-- Data below follows --

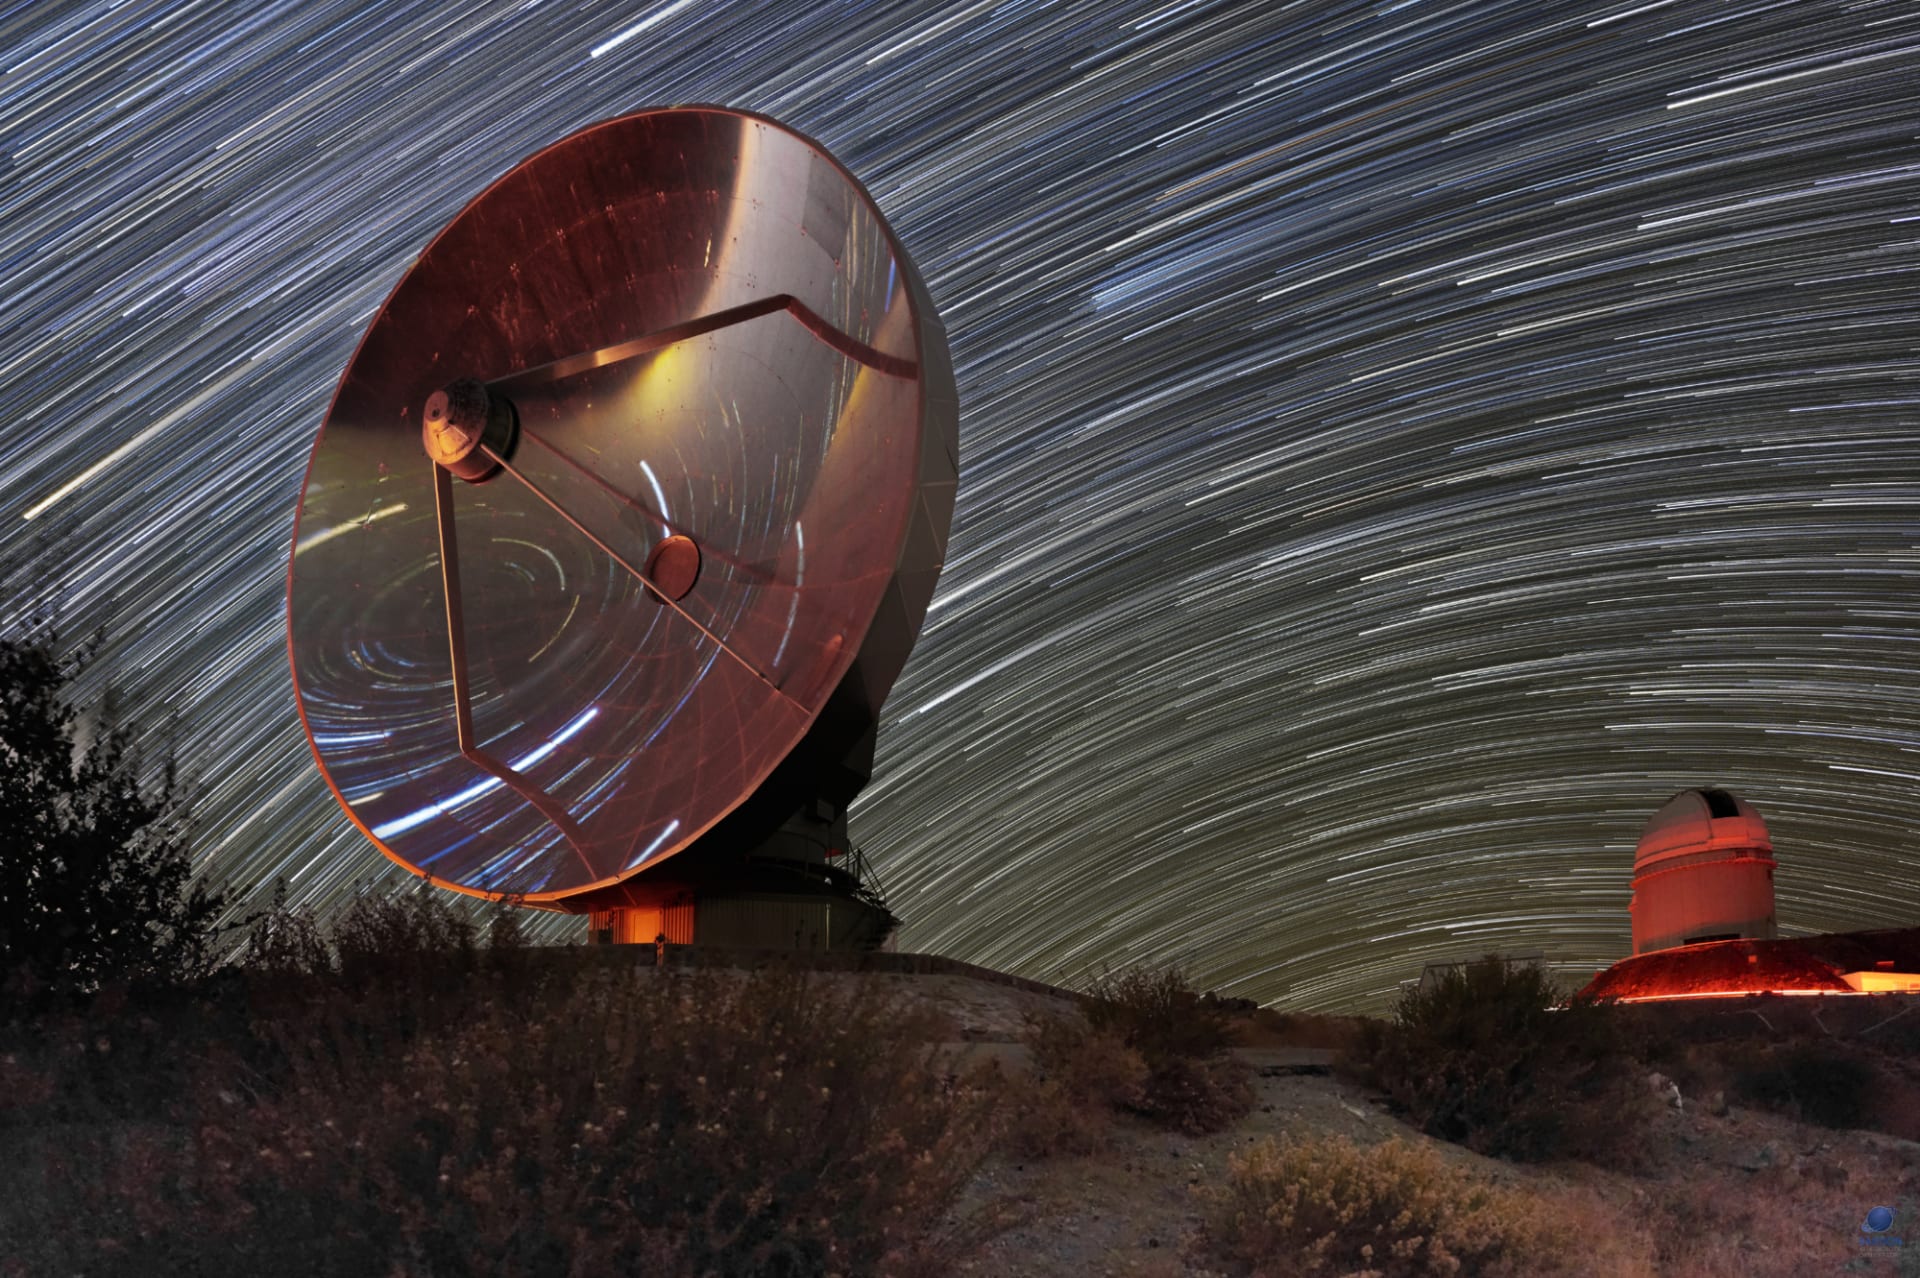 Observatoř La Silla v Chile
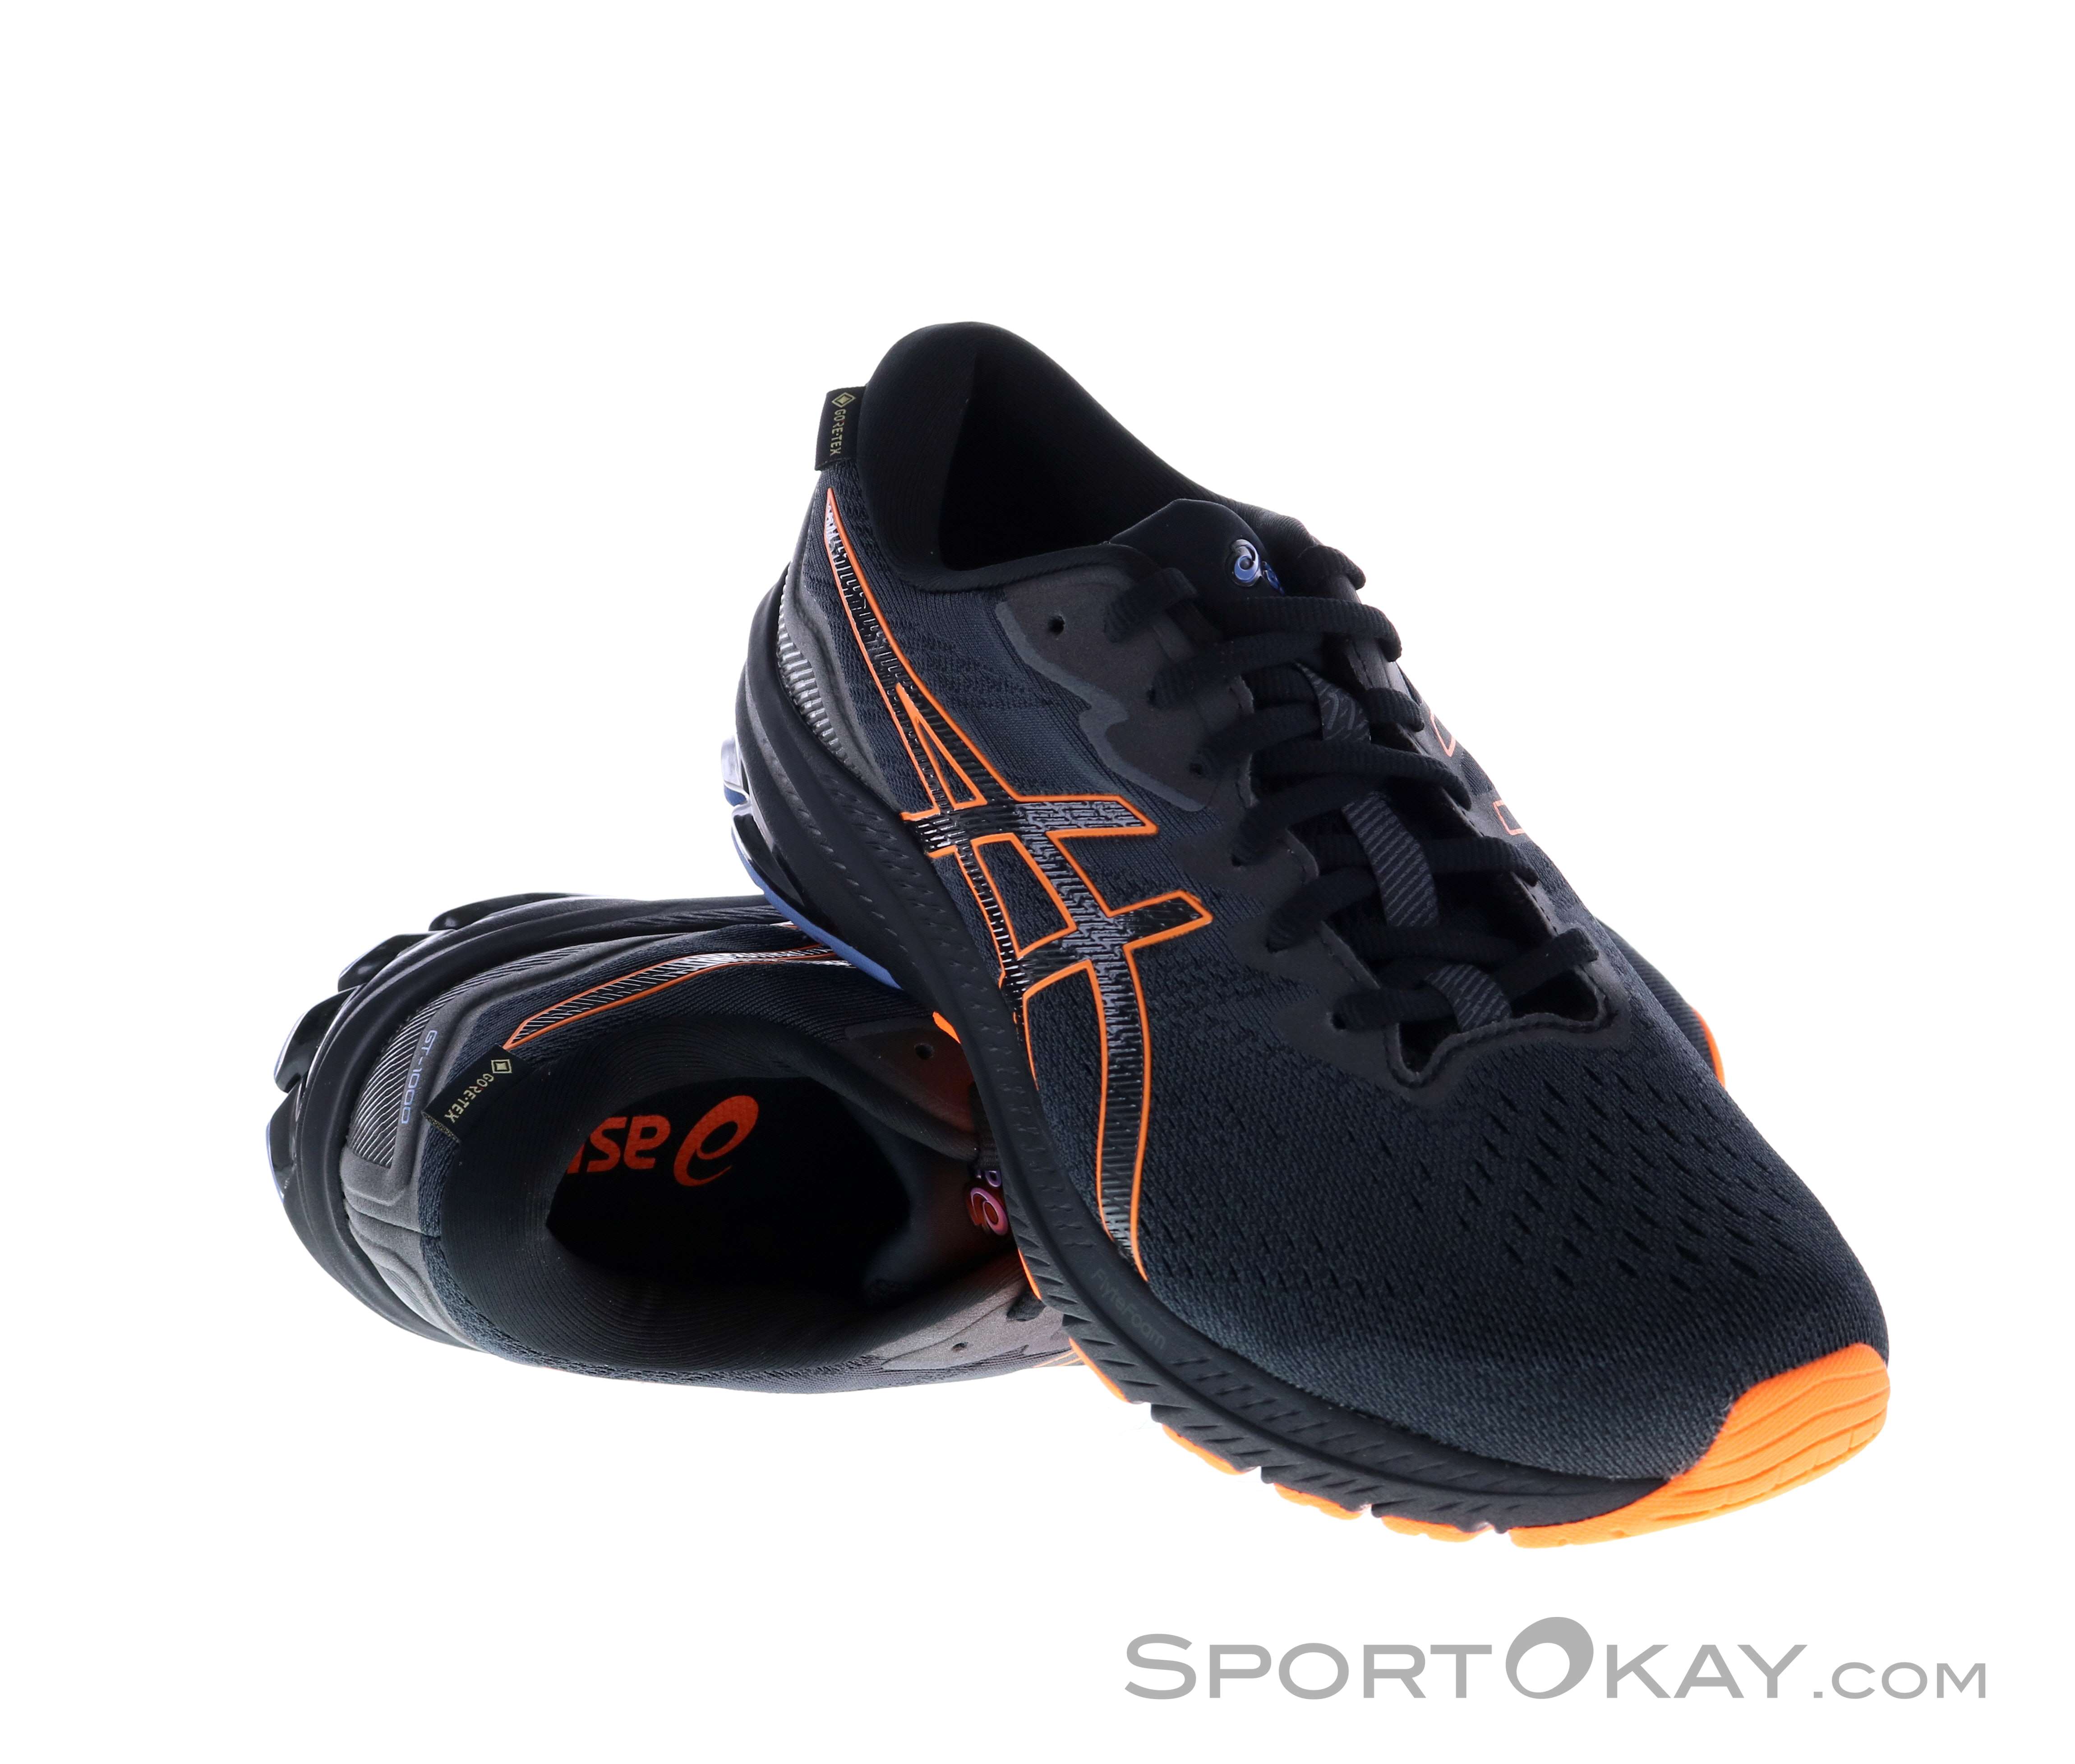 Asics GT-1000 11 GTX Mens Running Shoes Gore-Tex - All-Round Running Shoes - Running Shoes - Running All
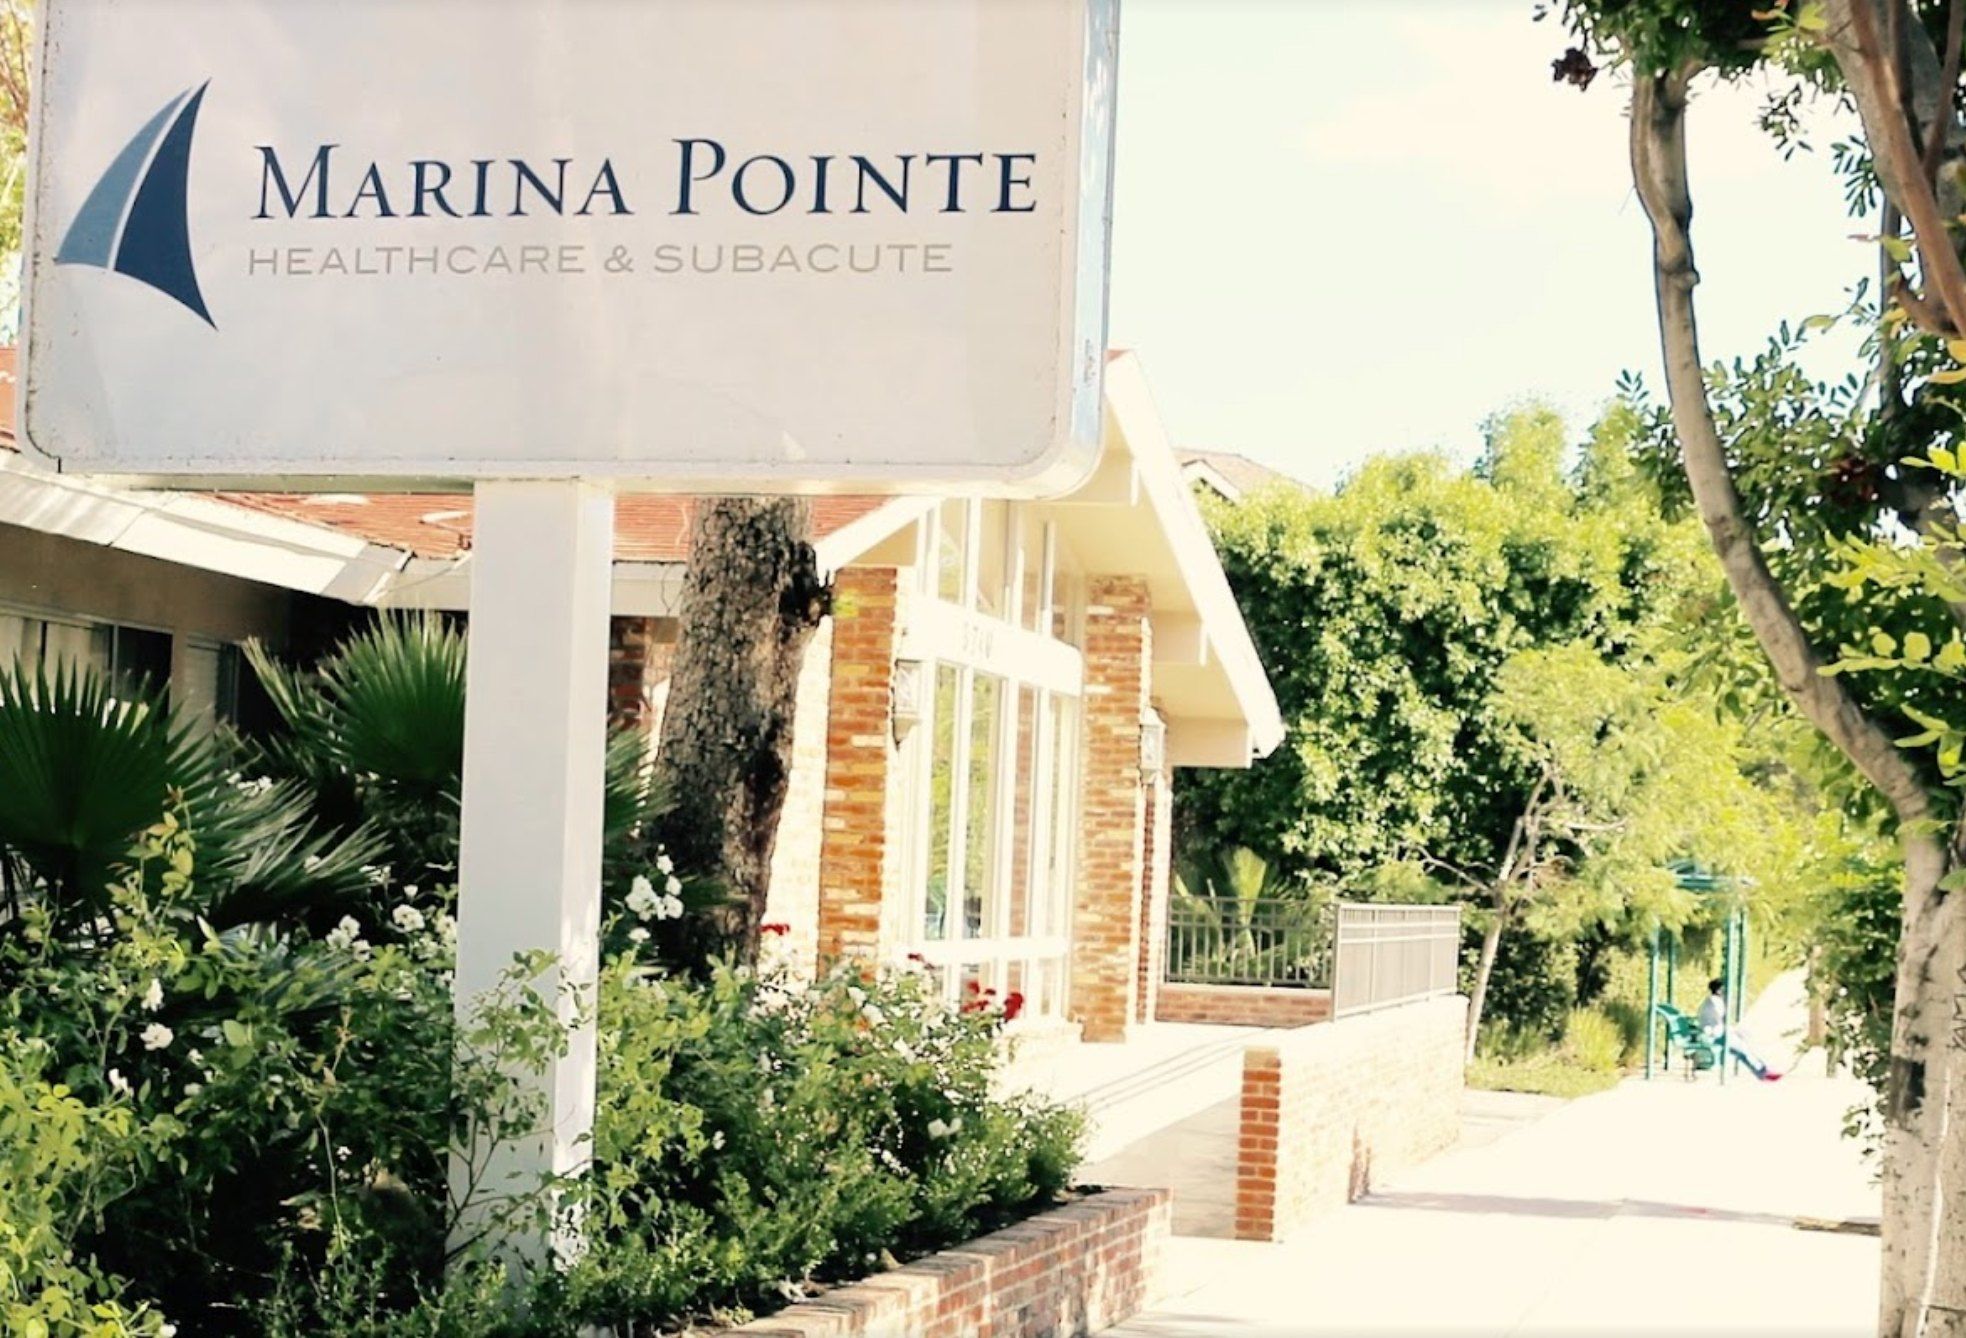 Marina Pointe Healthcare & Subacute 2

-- Data below concluded --

__The task__. Everything above should be given again exactly, apart from the pictures.

__Answer section__.
 Observatoř La Silla v Chile
 Asics GT-1000 11 GTX Mens Running Shoes Gore-Tex - All-Round Running Shoes - Running Shoes - Running All
 Marina Pointe Healthcare & Subacute 2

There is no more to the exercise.